# WORK ORDER
Word for word, restate the lines of the listing below from the line with "cabo-vela-expotur-guajira-colombia-suramerica-norte" through the line with "Apartamento para comprar, Amoreira, Óbidos, Leiria", and do not include the pictures.

# TASK INPUTS
=== Begin Enclosure ===

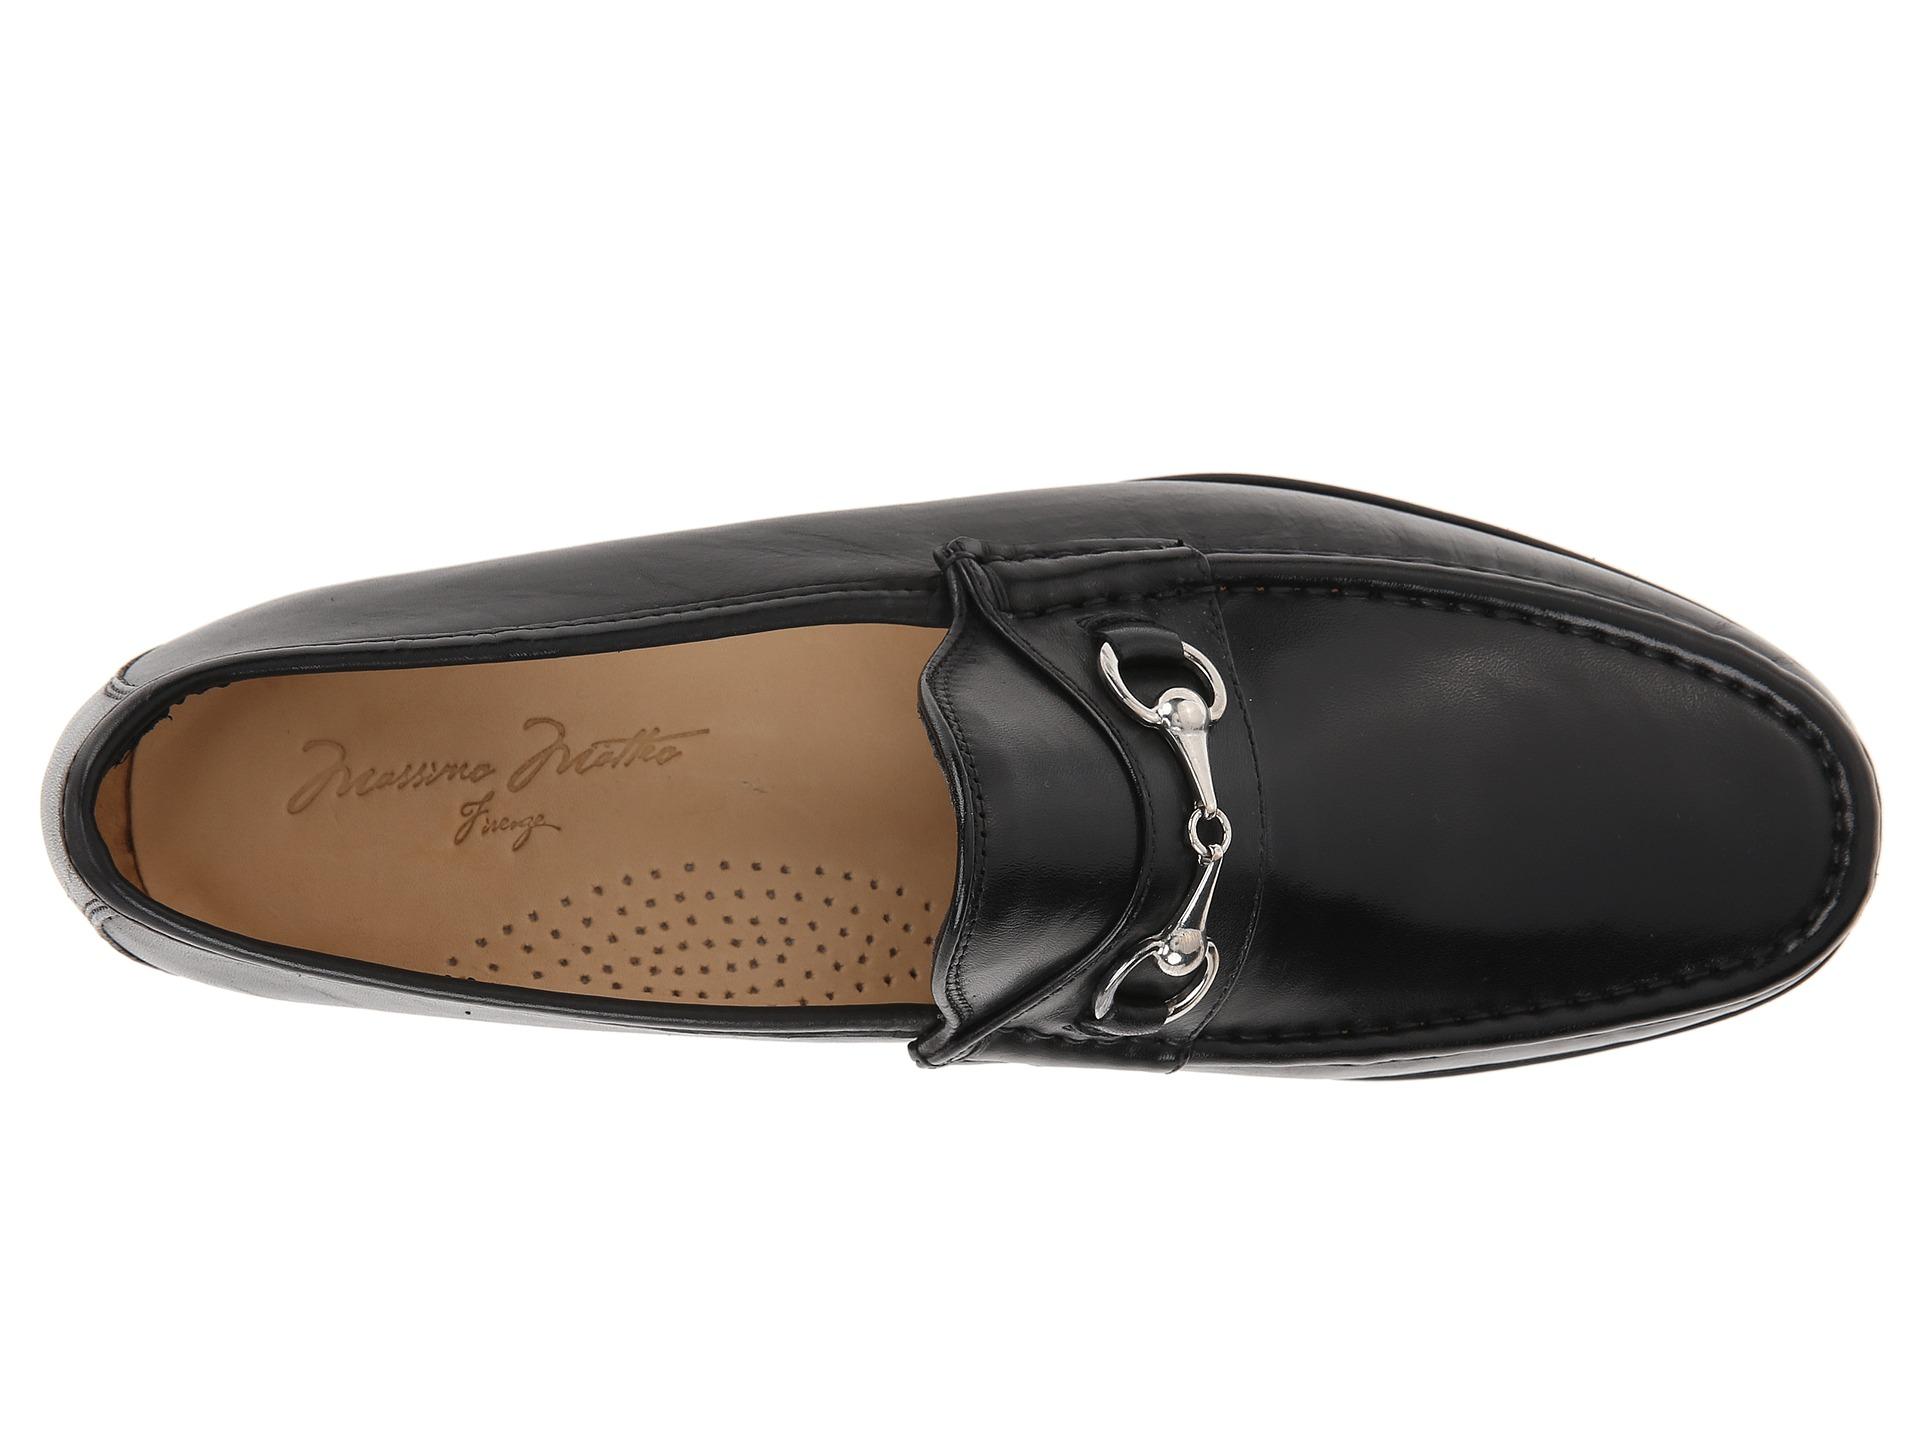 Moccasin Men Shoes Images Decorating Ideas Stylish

=== End Enclosure ===
=== Begin Enclosure ===

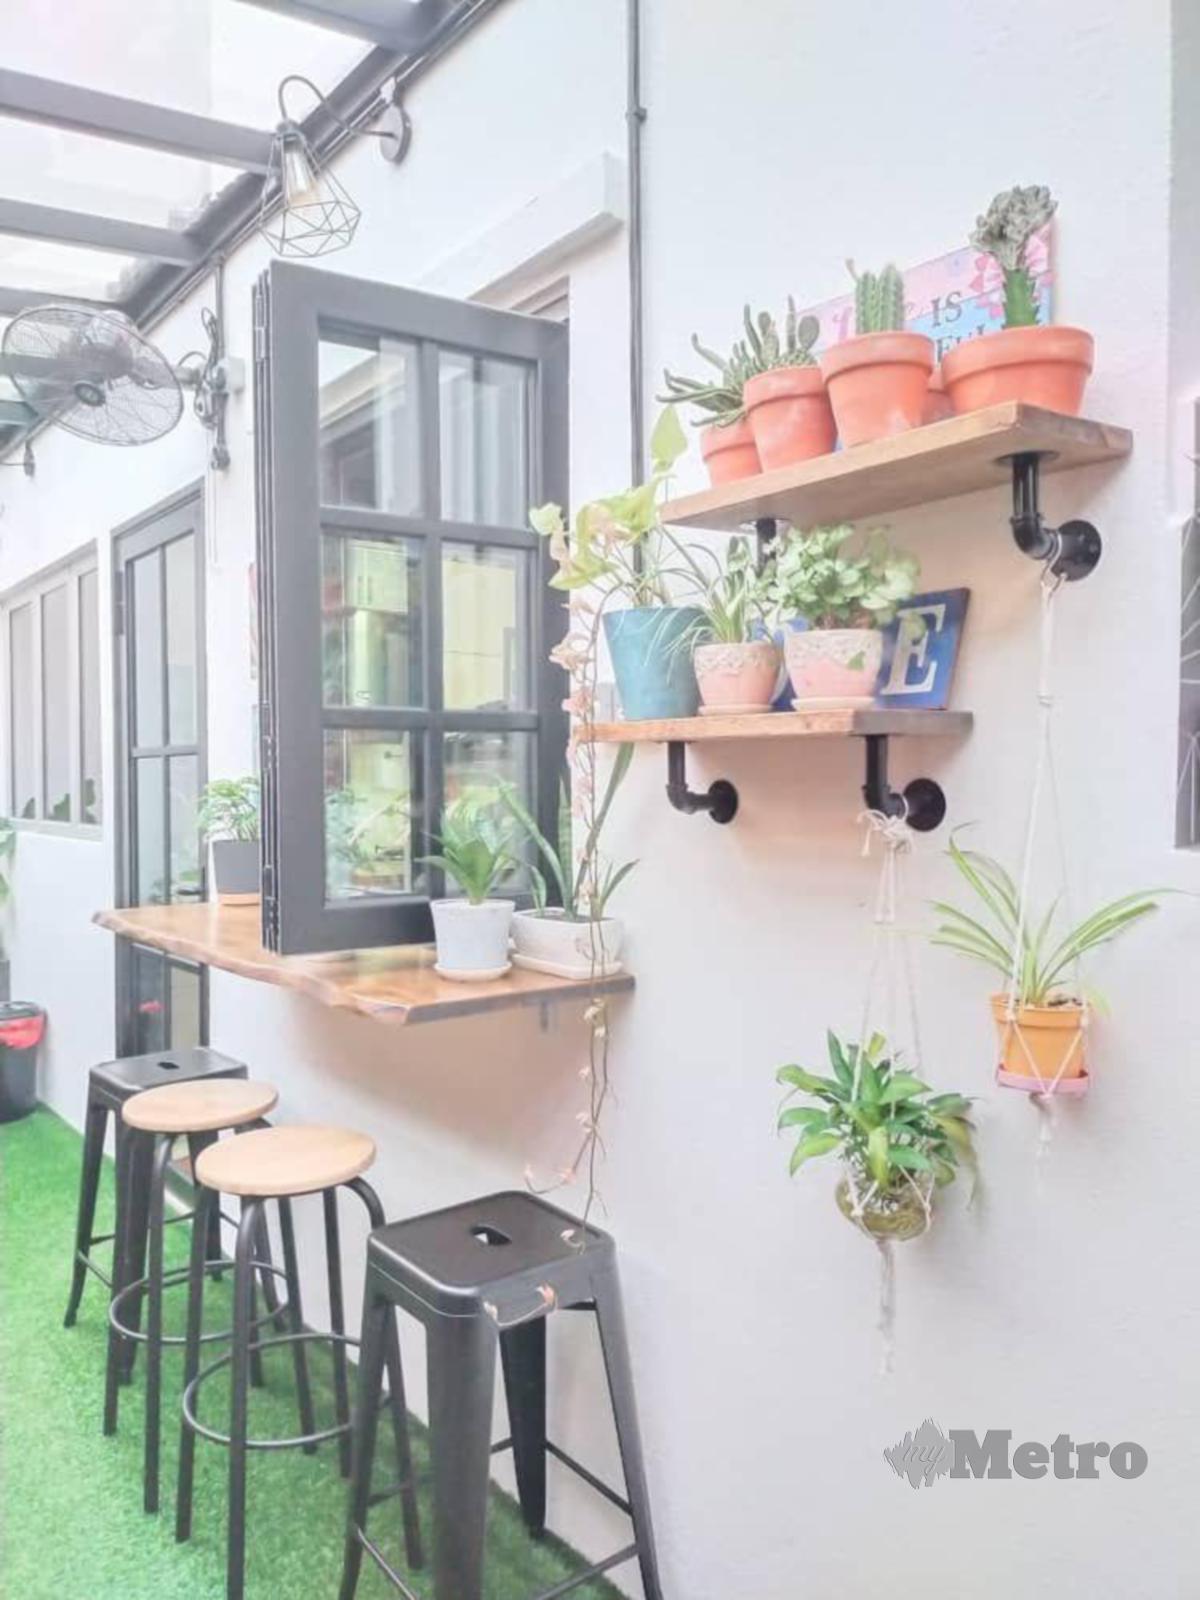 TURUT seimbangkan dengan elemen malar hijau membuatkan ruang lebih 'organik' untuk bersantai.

=== End Enclosure ===
=== Begin Enclosure ===

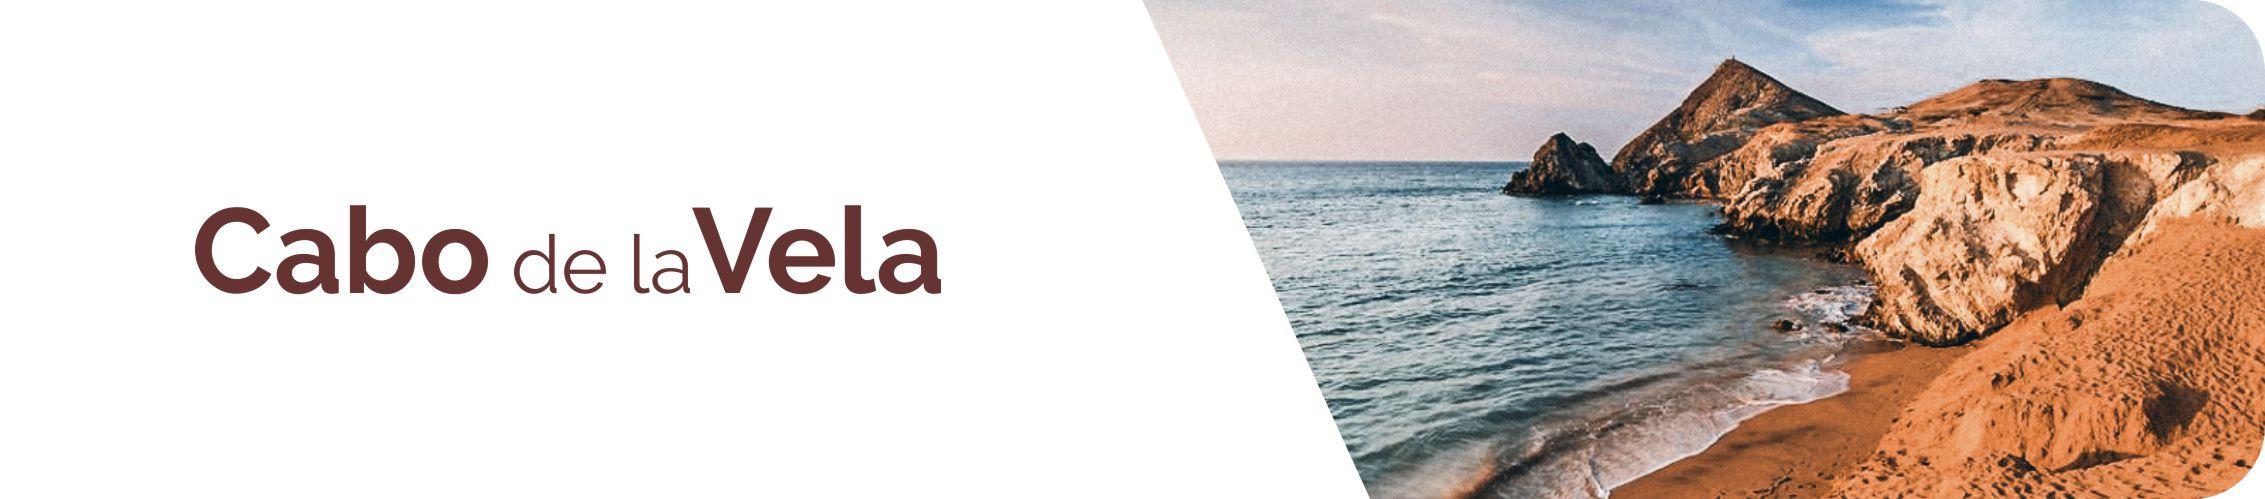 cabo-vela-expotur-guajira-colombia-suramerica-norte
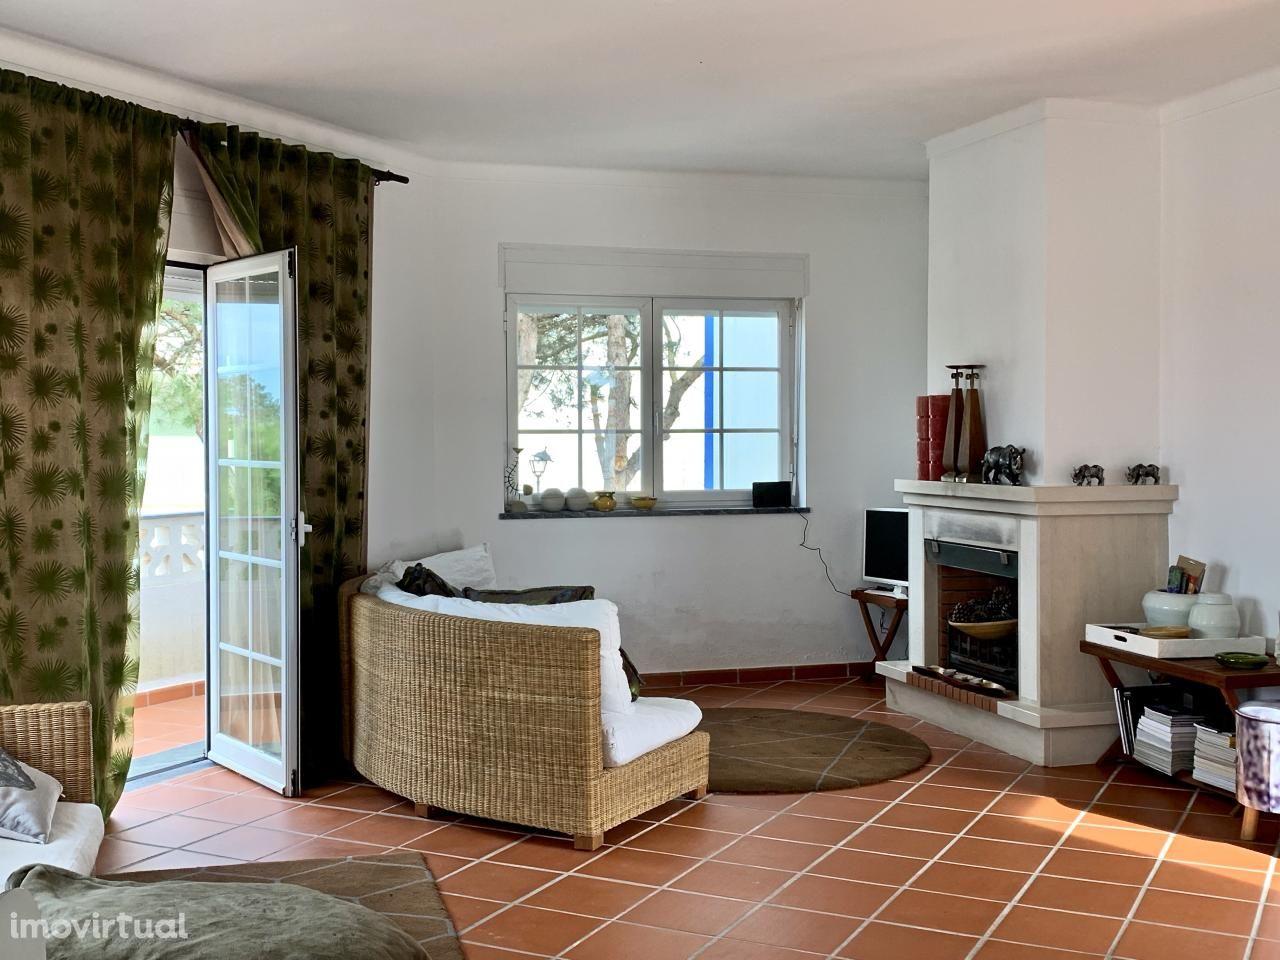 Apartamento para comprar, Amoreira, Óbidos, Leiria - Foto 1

=== End Enclosure ===

# REPLY
 cabo-vela-expotur-guajira-colombia-suramerica-norte
 Apartamento para comprar, Amoreira, Óbidos, Leiria - Foto 1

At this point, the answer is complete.